[wp-hackers] GSoC Proposal: Caching in core
Brian at thecodecave.com
Wed Apr 2 18:13:42 GMT 2008
> I believe that's basically how the Zend framework handles caching.
> You give every cached object a unique identifier along with a bunch of
? tags. That way you invalidate entries based on the ID or on any of
> the tags.
You are correct.
To quote the Zend developer zone:
In a real-world application you are likely to have several pieces of
information which are cached for every operation. You will want to be able
to manage these pieces of cached data as a group and not have to worry about
remembering all the ids of your saved data.

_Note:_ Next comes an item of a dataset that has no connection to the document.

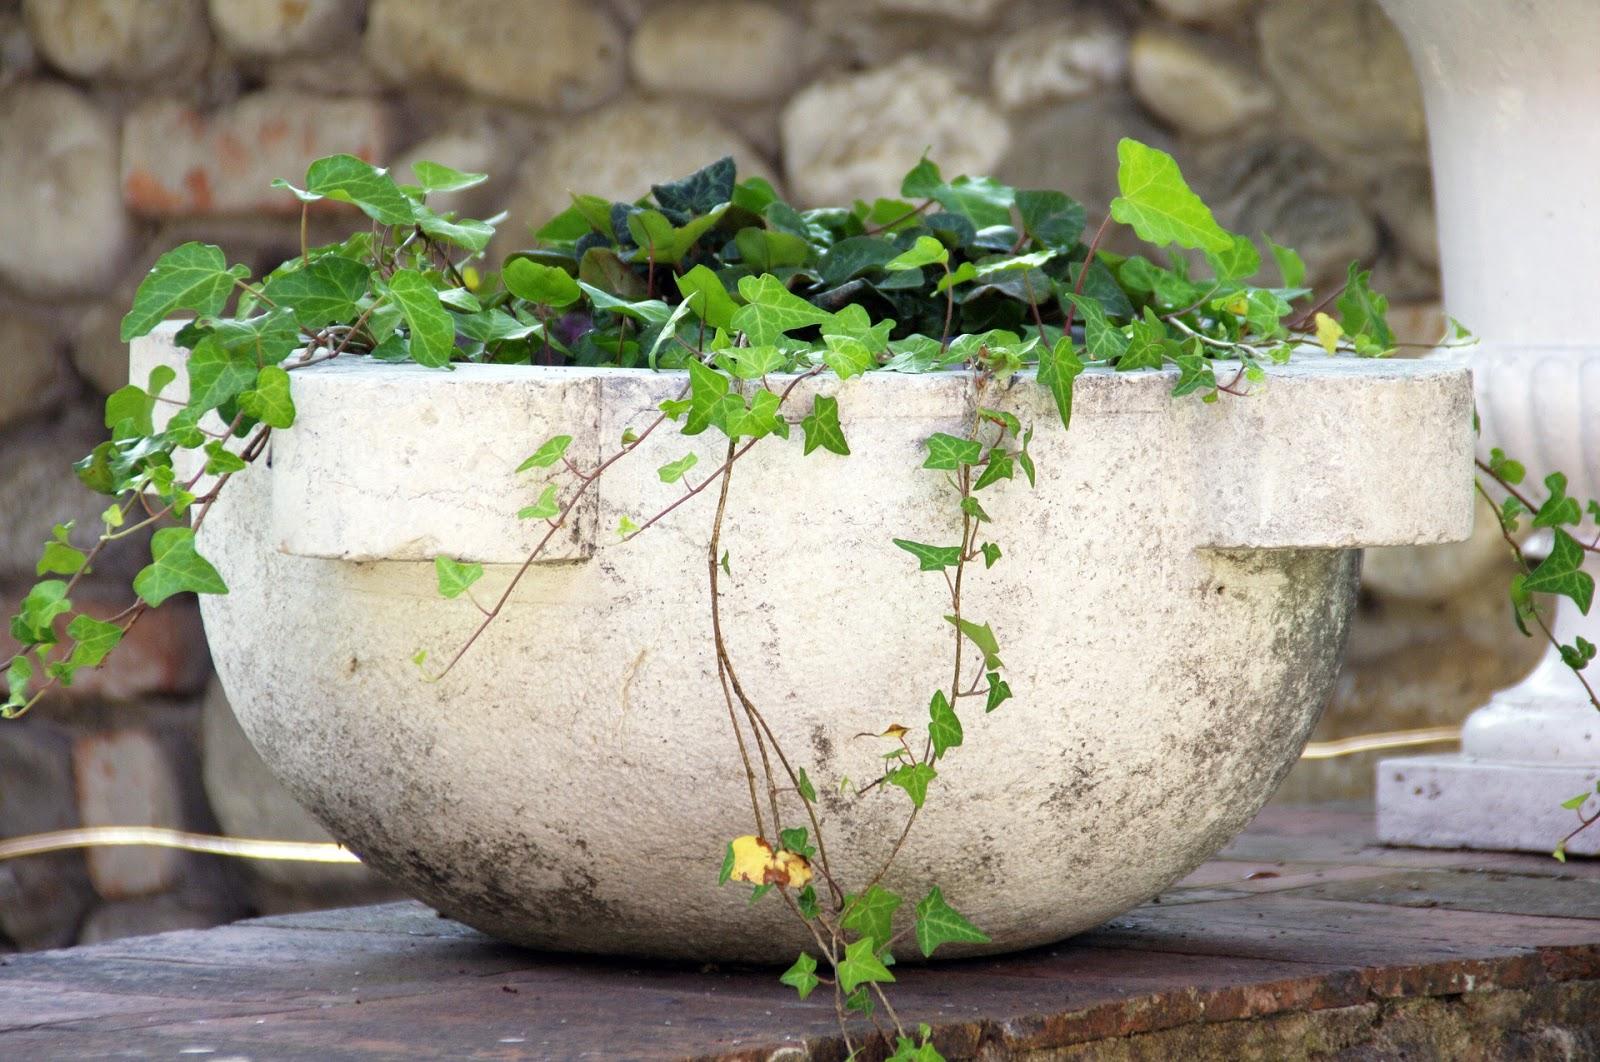 Wybierz Rośliny Idealne Do Każdej łazienki Nawet Ciemnej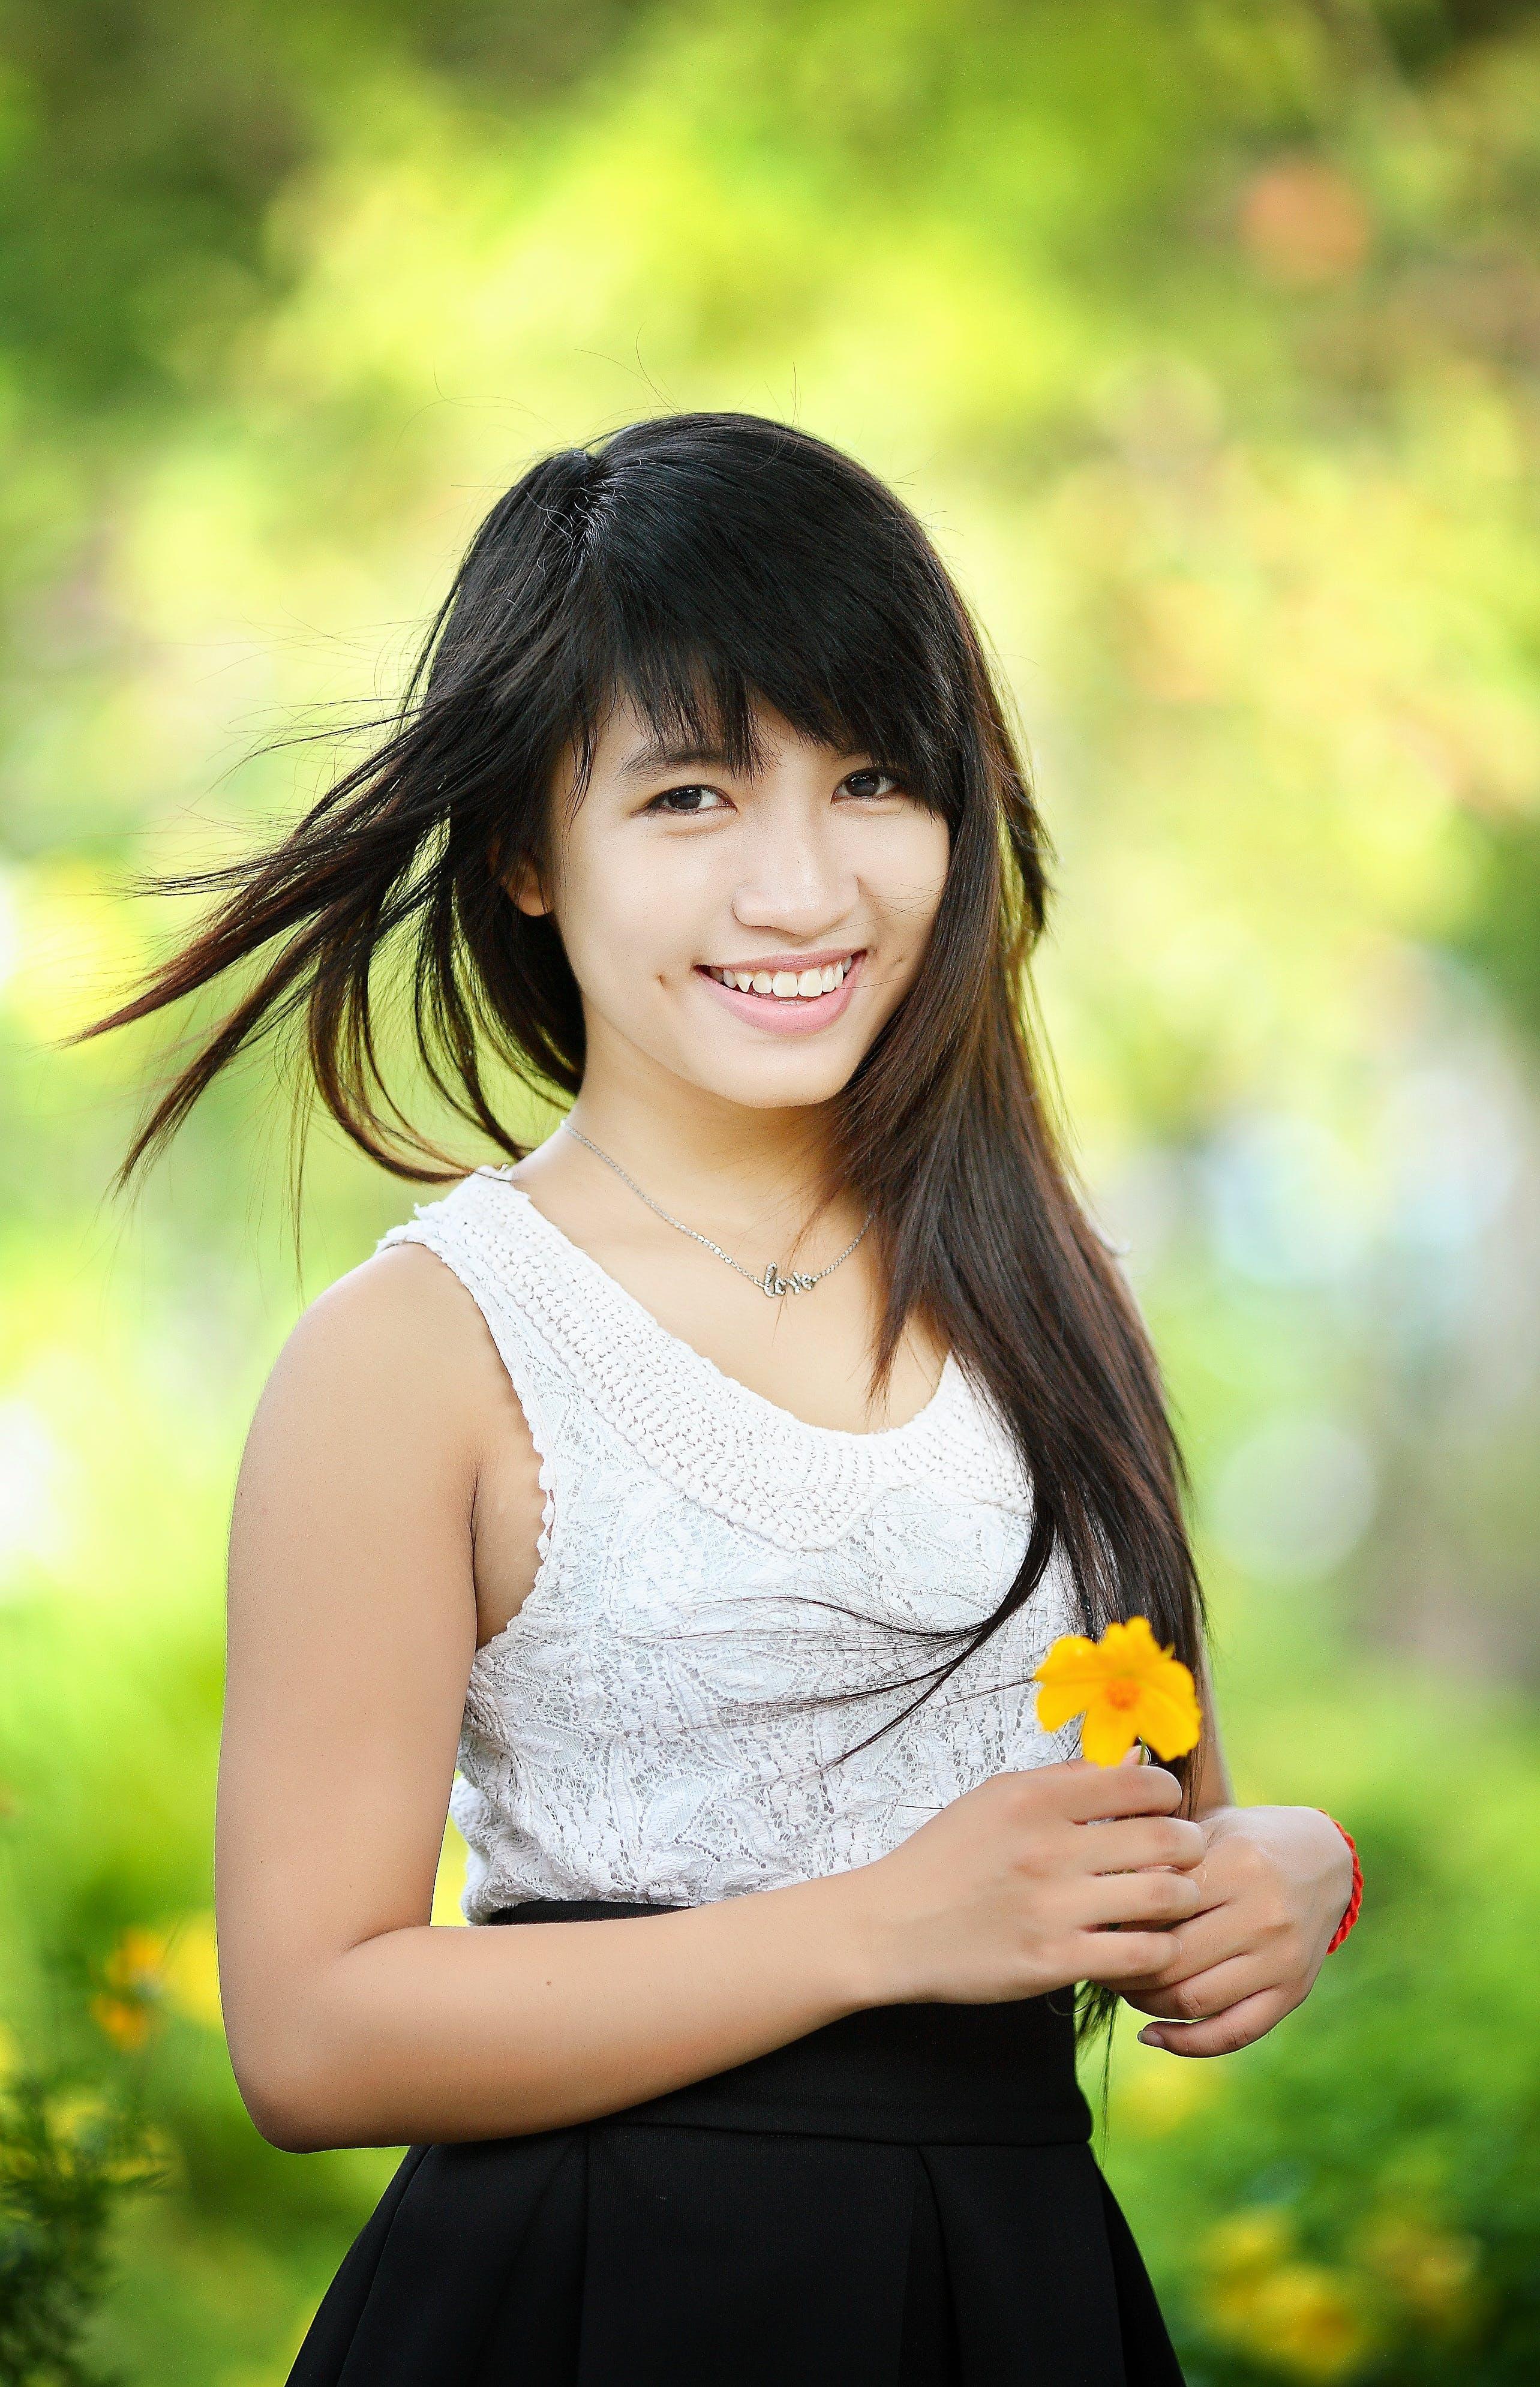 Kostenloses Stock Foto zu asiatin, asiatische frau, blume, flora

To handle this, Zend_Cache has implemented a tagging system. In Zend's
tagging system you can tag each cache entry with multiple tags, and unlike
the IDs, tags do not have to be unique. This means that you will have
multiple cache entries using the same tag, and are able to manage these as a
group. The tags are specified as an optional parameter to the save() method.
As an example:
<?php ... $userdata = array("theme" => "green"); $cache->save($time, 'time',
array('instance')); $cache->save($date, 'date', array('instance'));
$cache->save($userdata, 'user', array('user')); ...
echo $cache->get('user'); ?>
Here we are creating several entries into our cache system, but are using
tags to separate them into logical groups. We have a group for our date/time
information, and then a group that stores the specific user information. We
are going to use the clean() method to force the removal of the instance
data, but will retain the userdata for future use.
You will notice the use of a class constant in the above example. Zend
Framework has set a standard of using class constants (using the 'const'
construct) instead of global constants (using define()) whenever possible,
this keeps the global constant space clean.
Tags are only available in the file-based backend drivers.
The string compares urk me, in all of these tag implementations.